DVD: Triple Cross (1966)
Transfer: Weak
Extras: Standard
Label: Poseidon (Germany)
Region: 0 (PAL)
Released: January 14, 2008
Genre: War / Thriller / Espionage
Synopsis: Loose and lively adaptation of Eddie Chapman’s autobiography, chronicling the former safe cracker’s shift from life in prison to being a double agent for MI5 during WWII.
Special Features: Includes both U.S. 121 min. and German 136 min. edits / German English Theatrical Trailers.
Review:
The incredible life of former safe cracker-turned WWII British double agent Eddie Chapman provides enough fertile material for a mini-series, and yet when his biography (co-authored with Frank Owen) was adapted for the big screen, it clearly suffered from the influence of the James Bond spy craze, with director Terence Young arguably responsible for the loose handling of factual material.
Triple Cross is still a fascinating globe-trotting tale with enough action and intrigue to keep war thriller fans satisfied, although how one accepts Christopher Plummer’s interpretation of Chapman determines whether one embraces the film.
During the early 1950s, Chapman serialized his wartime experiences in a French publication prior to the book’s release in 1953 (as The Eddie Chapman Story), and there was reportedly an effort to produce a film version in Britain, but it took a Franco-British-German co-production team to bring the story to the big screen, with former Bond director Terence Young (Dr. No, From Russia with Love, Thunderball) at the helm.

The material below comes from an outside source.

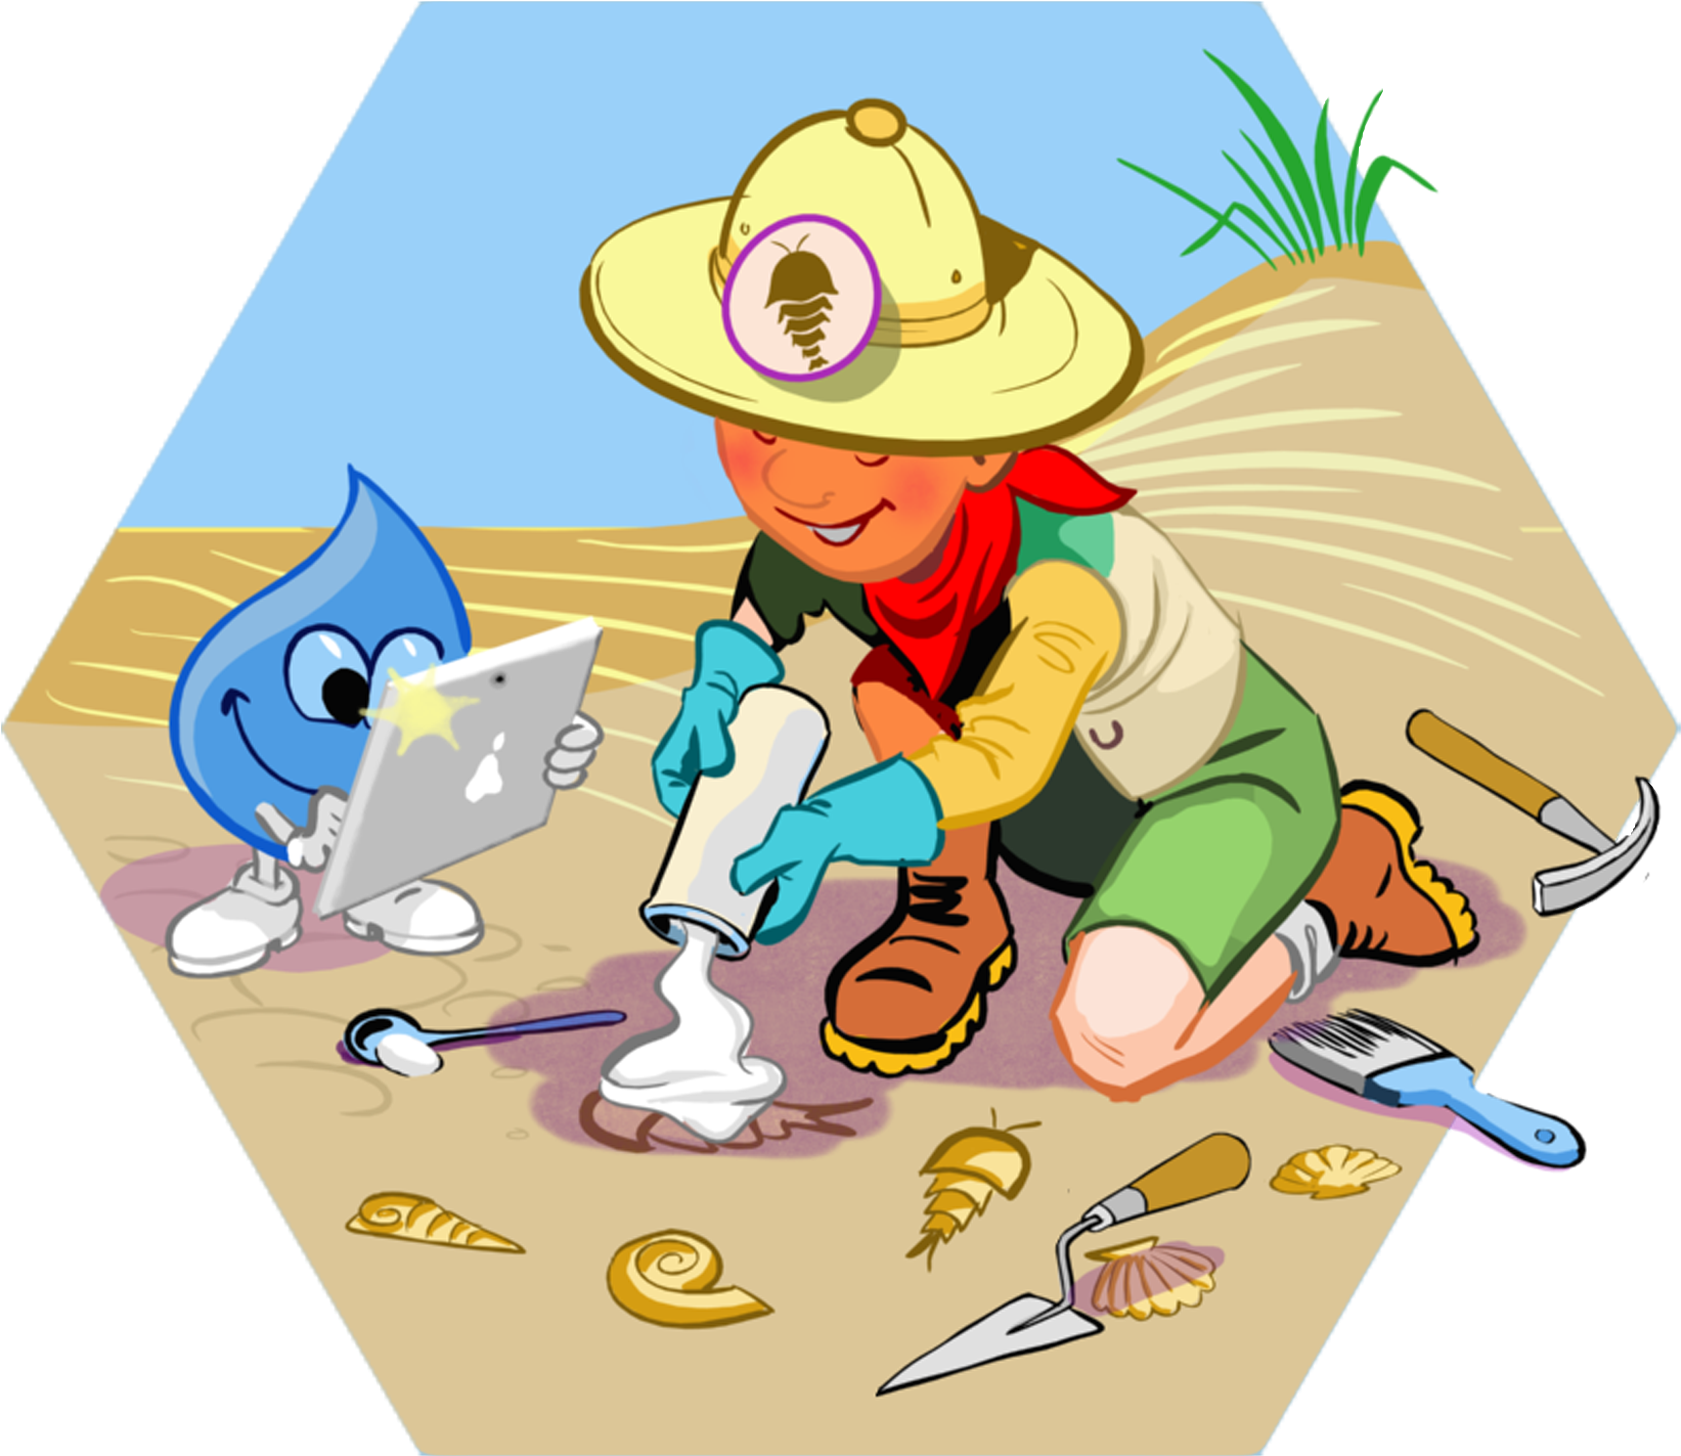 fossil clipart kid

Young reportedly knew Chapman prior to WWII, and clearly showed an affinity for the man and his wartime exploits, but the resulting script and film are hybrids of a Bond film, sometimes in tone and performances and scenes, other times by some amusing casting choices.
In the silver screen version, woman-loving Chapman (Plummer) is arrested on the island of Jersey and sentenced to 15 years of prison for his safe cracking endeavours, but when the isle is overtaken by Nazis, he approaches the prison’s new stewards with an offer to use his criminal skills and wily ways to help the German war effort. After a staged execution, Chapman is sent to occupied France where he’s trained with fellow special skills agents in the art of munitions, parachuting, combat, and explosives using common household elements.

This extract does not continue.